Thanks Steph, I'll look forward to your critique and assistance!


----------



## Annalog (Dec 28, 2008)

I don't have Office Suite Pro 6 but I do have Quickoffice Pro. 

For importing existing documents, have you tried connecting your Fire to your computer using a USB/micro USB cable and copying the files into the Documents folder? That is how I transferred, in both directions, some existing .docx and .xls files between my Fire and my PC. That is also how, early on, I transferred several PDF files to my Fire.


----------



## WestPointer1968 (Oct 28, 2008)

Ok. I've learner more about downloading from my computer,  but now I can't figure out how to add data to the spreadsheet.  Nothing I do brings up the keyboard!!!  Any help?


----------



## Xopher (May 14, 2009)

There should be a toggle keyboard option in the menu. I took OfficeSuite off after trying QuickOffice. Both are similar and work well. I just found QuickOffice to be a little easier on zooming in to see things.

Both also support DropBox and Box, so you can have documents on your computer moved over to DropBox (or Box) and open them from within OfficeSuite/QuickOffice. It makes it really easy to work on documents from the tablet and have the changes on your desktop/laptop later.


----------



## Steph H (Oct 28, 2008)

WestPointer1968 said:


> Ok. I've learner more about downloading from my computer, but now I can't figure out how to add data to the spreadsheet. Nothing I do brings up the keyboard!!! Any help?

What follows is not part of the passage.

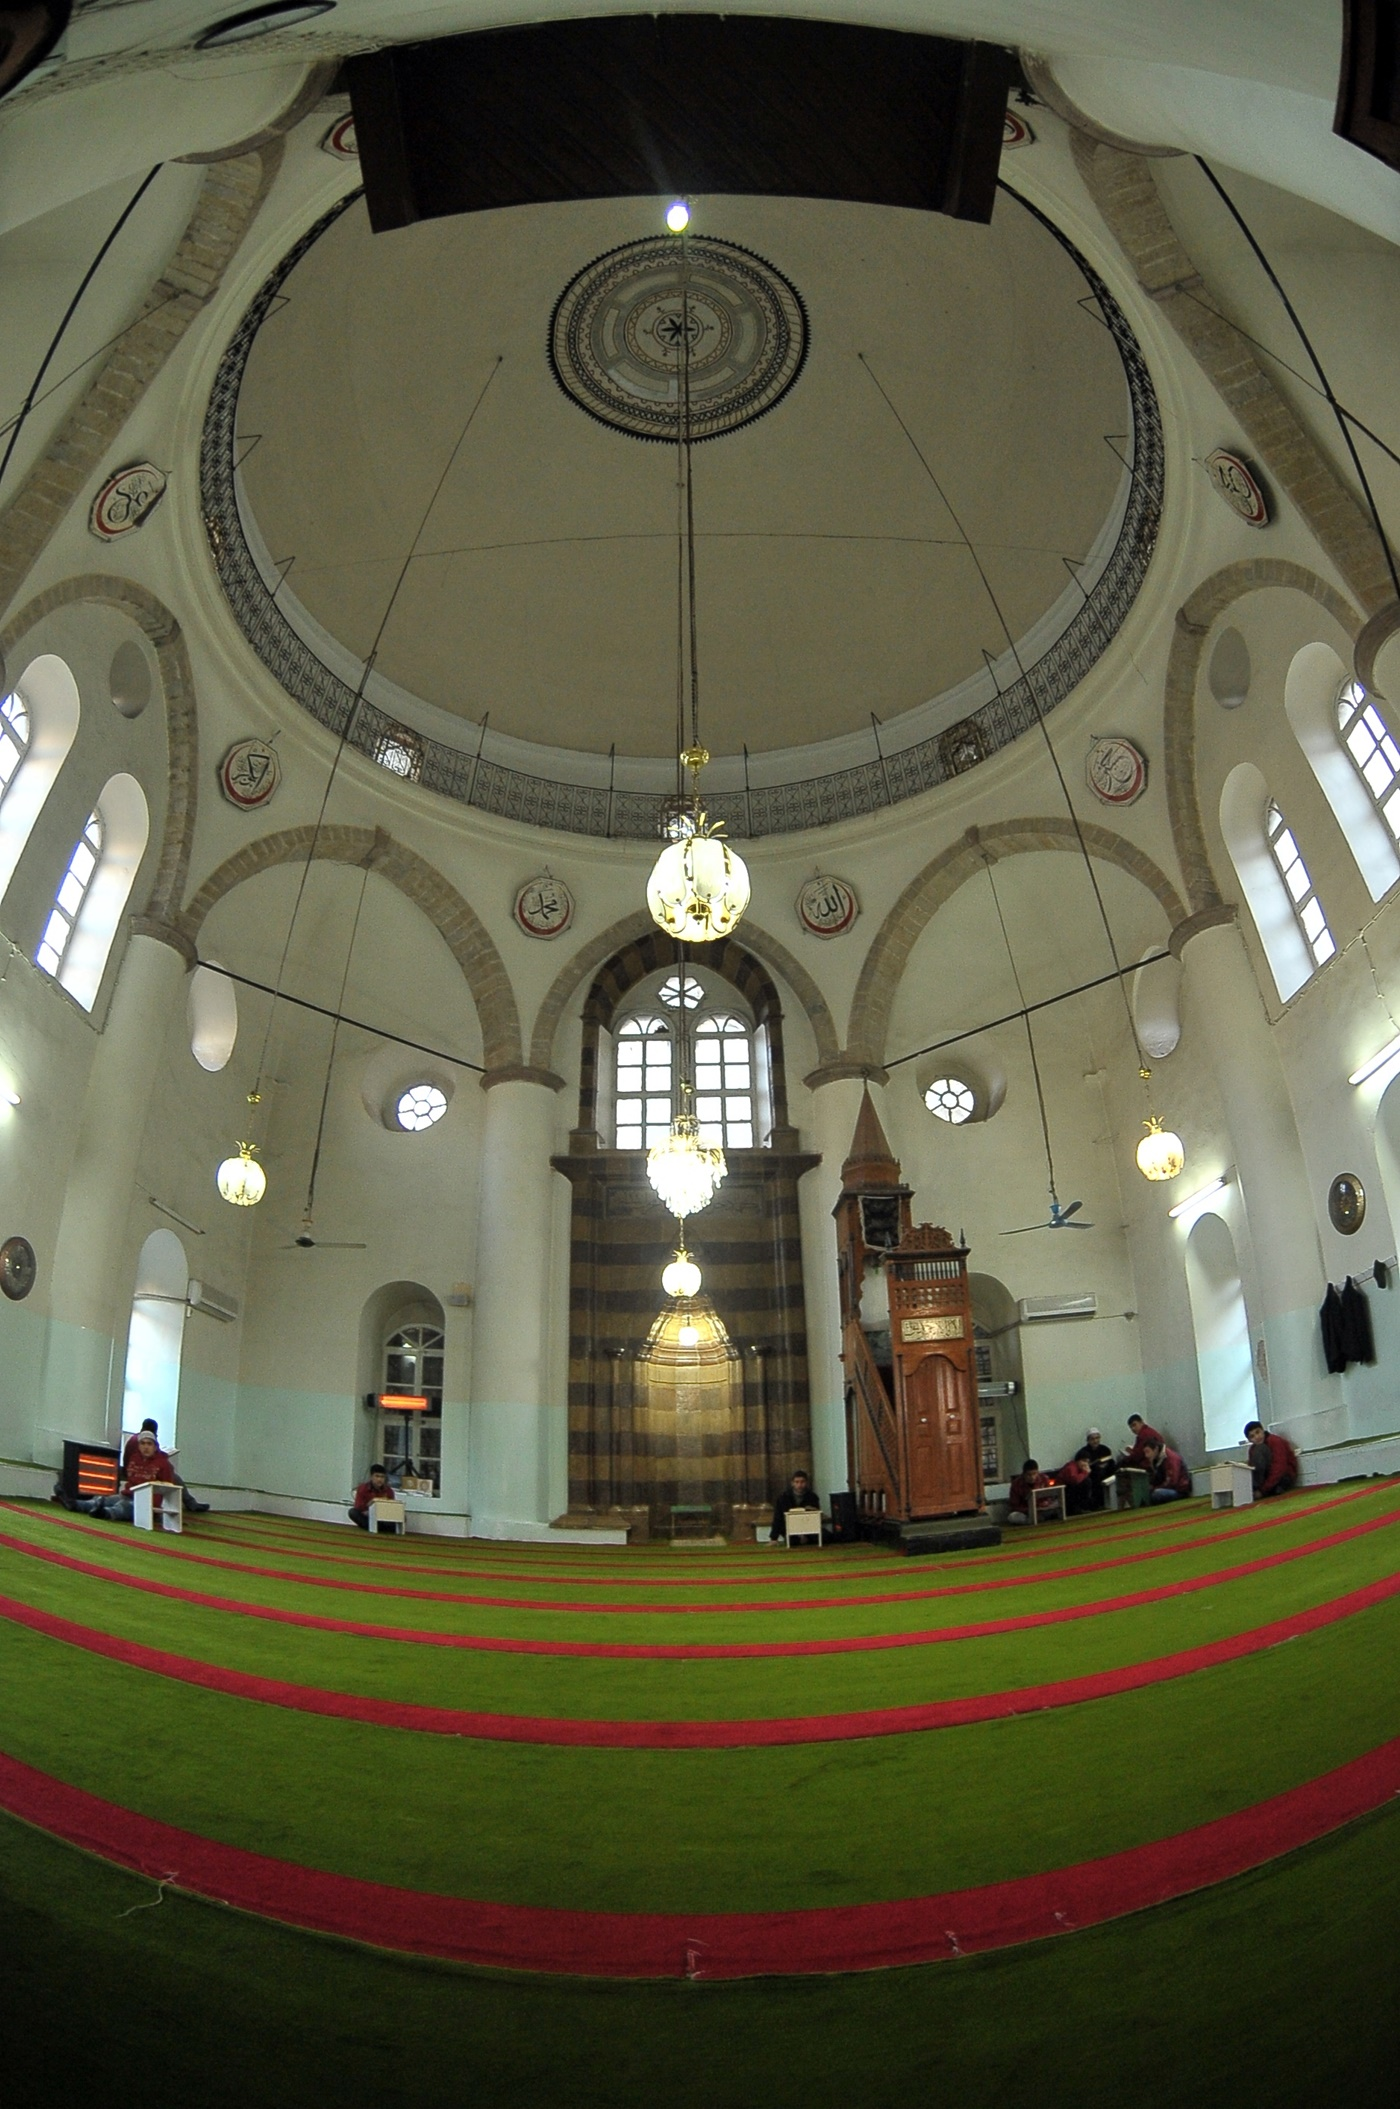 Skender bey acemli mosque kahramanmara city guide an error occurred thecheapjerseys Gallery

Hey, John, sorry to pop in and then disappear. Okay, so you've figured out how to get documents to your Fire, that's great. As Xopher mentions, Dropbox is also a great option; when you click on a document that you have on Dropbox, it will automatically download, then ask if you want to open it with OfficeSuite (it gives me two options, because I have an old trial version of another program on the Fire...not sure what the default is if you have no other programs).

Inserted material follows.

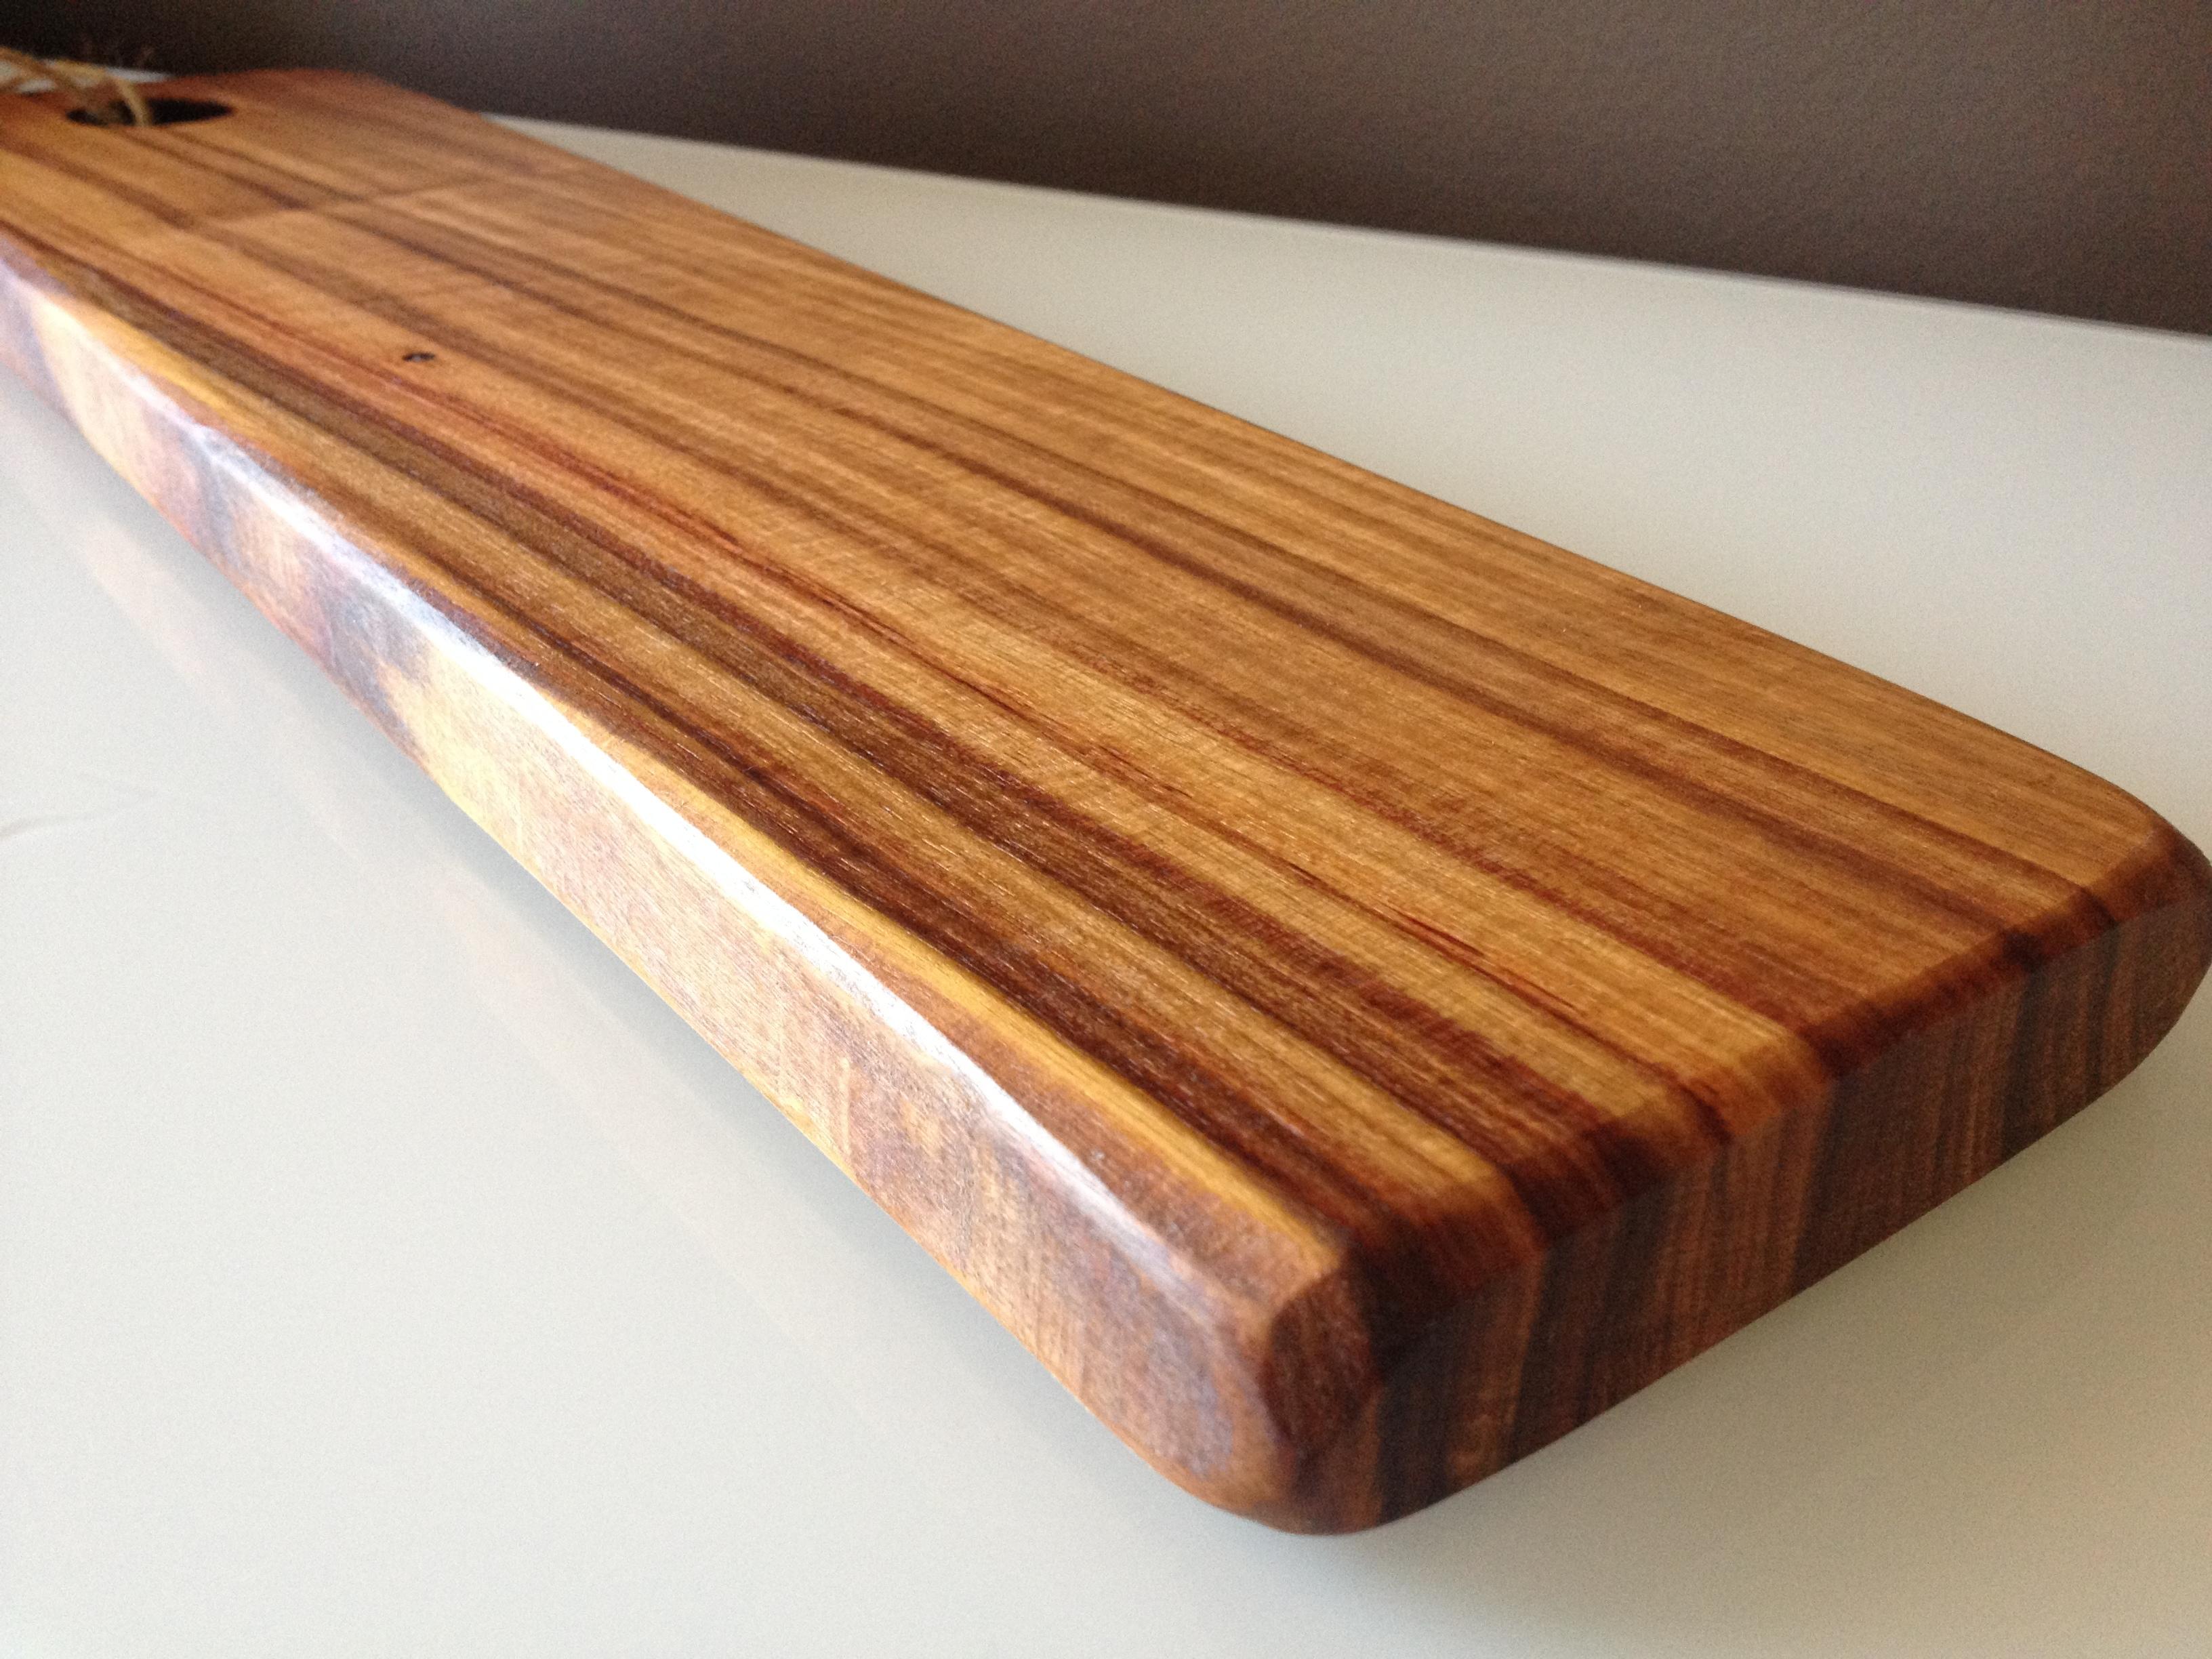 Wood Edged Board ~ African wood cutting board natural edge

When you're in a spreadsheet and want to add data, just double-tap in the cell where you want to type and voila! The keyboard will come up. Yeah, it's not real obvious; I found it by accident tapping around.  With the keyboard closed, you can click on the middle button to get other options, like 'insert' or 'edit'.

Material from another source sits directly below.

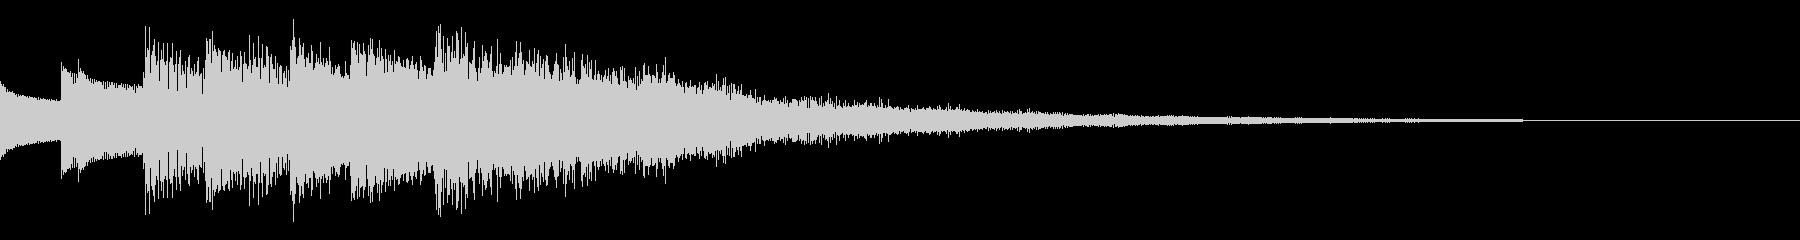 RPG風_回復魔法音1の未再生の波形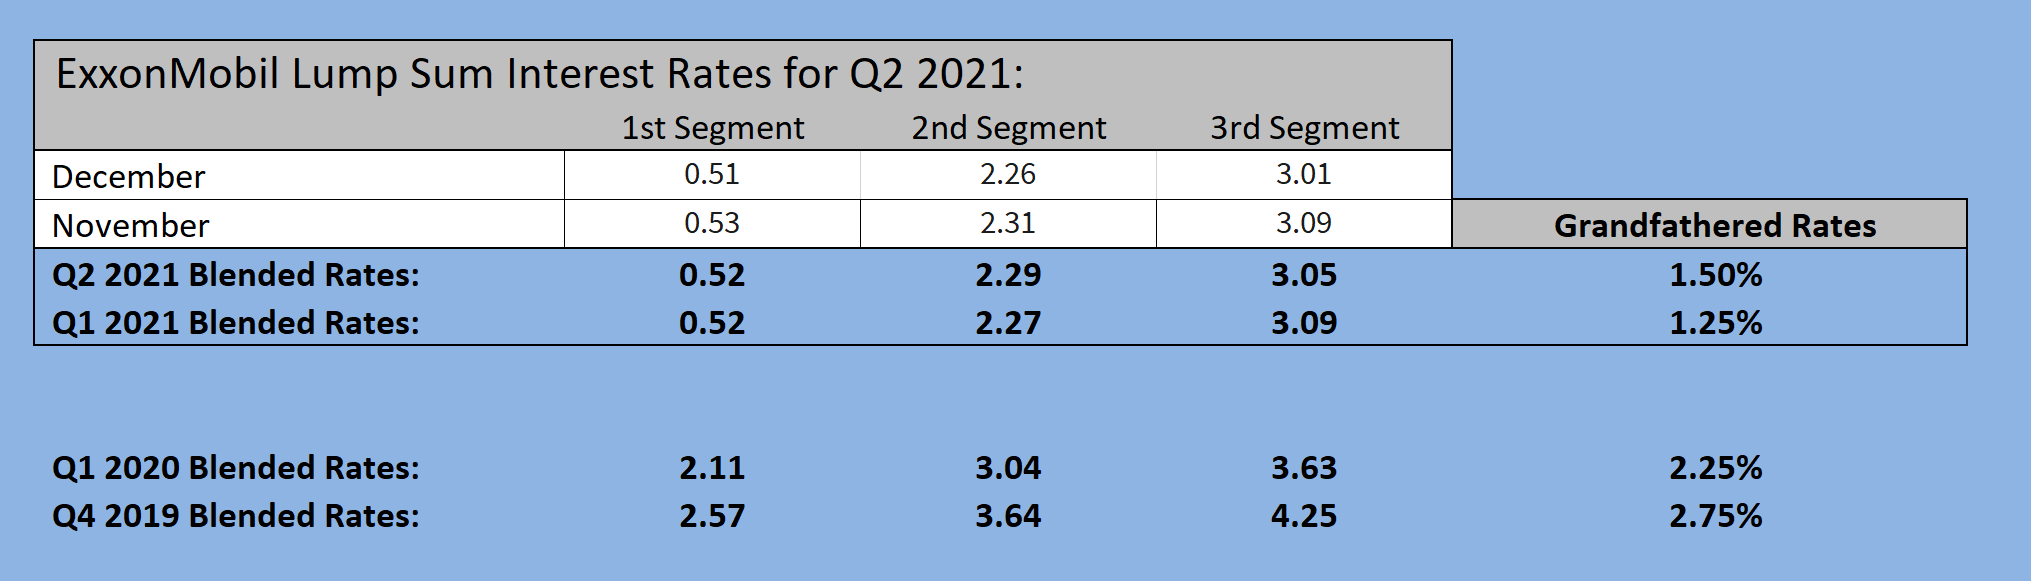 XOM Interest Rates 1-22-21

The spreadsheet I was playing with has numerous tabs along the bottom. It's easy to click on the tab I wanted, and though it wouldn't scroll over to the ones not showing on screen, all I had to do was tap and hold on a tab and a list of all the tabs would pop up for me to choose from. So that's good to know. (That was in portrait, they all show in landscape.)

To save the file (including save as), click on that middle button at the bottom, then click on File, and the save/save as options come up, along with New, Open, Recalculate, Protect and Close. If you don't want to save your changes, then just click on the back arrow to close the program, and you'll get options to 'save changes,' 'discard changes,' or 'cancel' (i.e., cancel exiting the program and go back to the spreadsheet).

That's a few things I found so far in playing around, let me know if you have other questions I might be able to help with!


----------



## Xopher (May 14, 2009)

Steph H said:


> As Xopher mentions, Dropbox is also a great option; when you click on a document that you have on Dropbox, it will automatically download, then ask if you want to open it with OfficeSuite (it gives me two options, because I have an old trial version of another program on the Fire...not sure what the default is if you have no other programs).


If you link Office Suite to your Dropbox account (inside the Office Suite app), you should be able to browse files on Dropbox from within Office Suite. It should download and open automatically without any prompts for which app to open. Plus, when you save the file, it uploads it automatically.


----------



## Cyanide5000 (Aug 30, 2010)

Dropbox is the best app I've ever used! Didnt realise you could sync the office suite files with it tho, awesome!


----------



## WestPointer1968 (Oct 28, 2008)

TY all.  Appreciate the help.  I'll try this Dropbox thing!!

John


----------



## WestPointer1968 (Oct 28, 2008)

I'm baaaaaack!  Just tried to download Dropbox and amazon shows it is not compatible with my Fire tho when I enter Dropbox in the amazon search it shows "Dropbox for Kindle"?  Help pls.


----------



## Steph H (Oct 28, 2008)

See my answer in your separate thread.


----------